Snapchat Officially Launches its New 'Snapchat+' Subscription Program

This is one way to boost your ‘average revenue per user’ stats.

A month after launching its new Snapchat+ subscription offering to users in predominantly western markets, Snap is now also making the option available in India – though at a much lower price point than the initial push.

Snapchat+, which offers exclusive access to new and experimental features, including alternative icons, profile badges, additional analytics and also a desktop version of the app, is available to users in the US, Canada, the UK, France, Germany, Australia, New Zealand, Saudi Arabia, and UAE for $US3.99 per month (or local equivalent).

But in India, Snapchat+ will be launched at a starting price of 49 – which converts to around $US0.62.

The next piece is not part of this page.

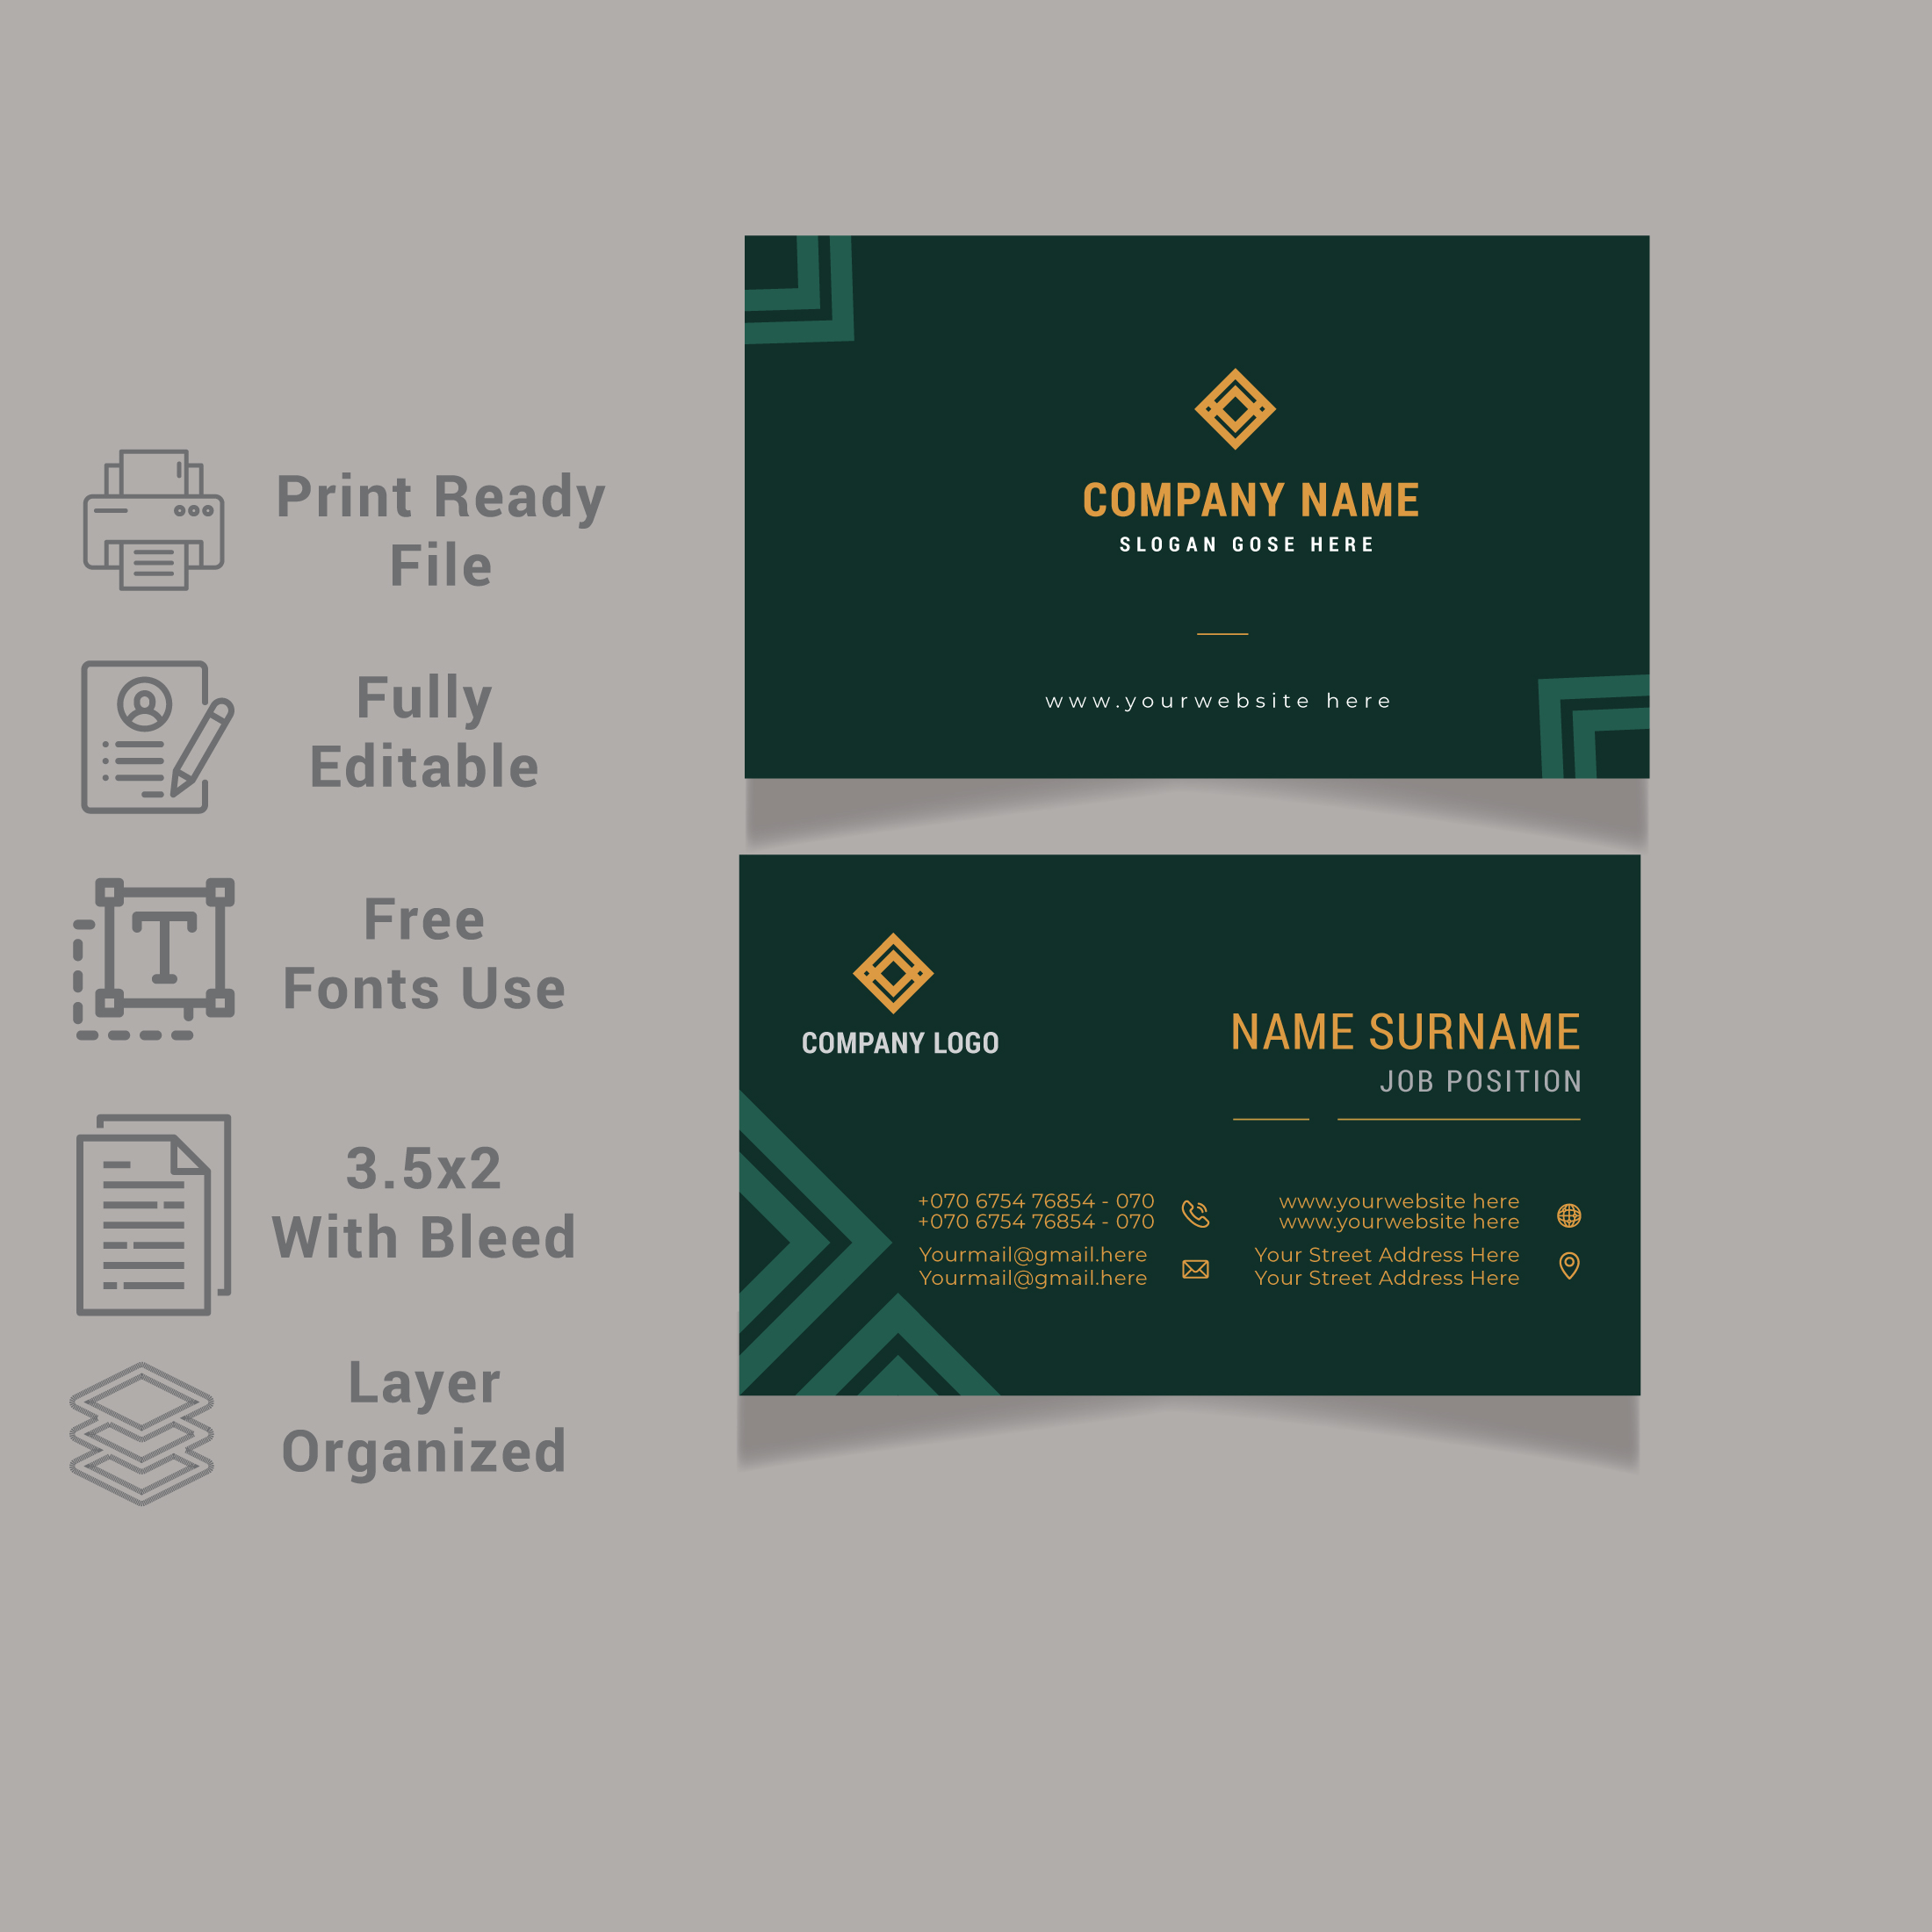 A green business card with a gold logo.

That seems like a fairly big discount, and according to reports, Snapchat+ in India will offer access to all the same features and tools that the general offering has.

So why so cheap?

Well, for one, it’s a different market, and Snap needs to price its offerings in line with the local economy. Snapchat+ also doesn’t cost Snap anything to produce, as such, as there are no production costs built in (other than system maintenance), so it has the flexibility offer variable price points, if it so chooses.


And as noted, it could crucially be a way for Snap to enhance its revenue per user stats, which, right now, reflect its strong reliance on the North American market for revenue.

Snapchat Q2 2022

If Snap can even that out, and show how it can become a more important, valuable platform in other markets, and make money from its presence, that could help to improve its market standing, while also bringing in additional revenue – which would also be income that’s not reliant on ad spend. And like all social apps, Snap’s ad revenue has taken a hit due to Apple’s ATT update.

It seems like a logical and sensible approach, helping to make the app more sticky with Indian users, and ideally, increasing adoption and revenue intake in another key region.

Snap has seen significant growth in India since it upgraded its Android app back in 2019. Android is by far the most popular OS in the Indian market, and as local connectivity and tech continues to evolve, that’s also opened the door for Snapchat to establish a bigger local presence, while the banning of TikTok in 2020 also pushed Indian users to find alternatives, further enhancing Snap’s appeal.

Indeed, Snapchat is now reportedly up to 144 million daily actives in the Indian market, overtaking the US (108m) as its top country by user adoption – so while it’s not the highest earning region for the company, it is now, arguably, the most important, which is why the expansion of Snapchat+ makes sense.

And while western users may be annoyed that they have to pay more for these features, it could be a clever push by Snap, which could end up paying off big time for the app.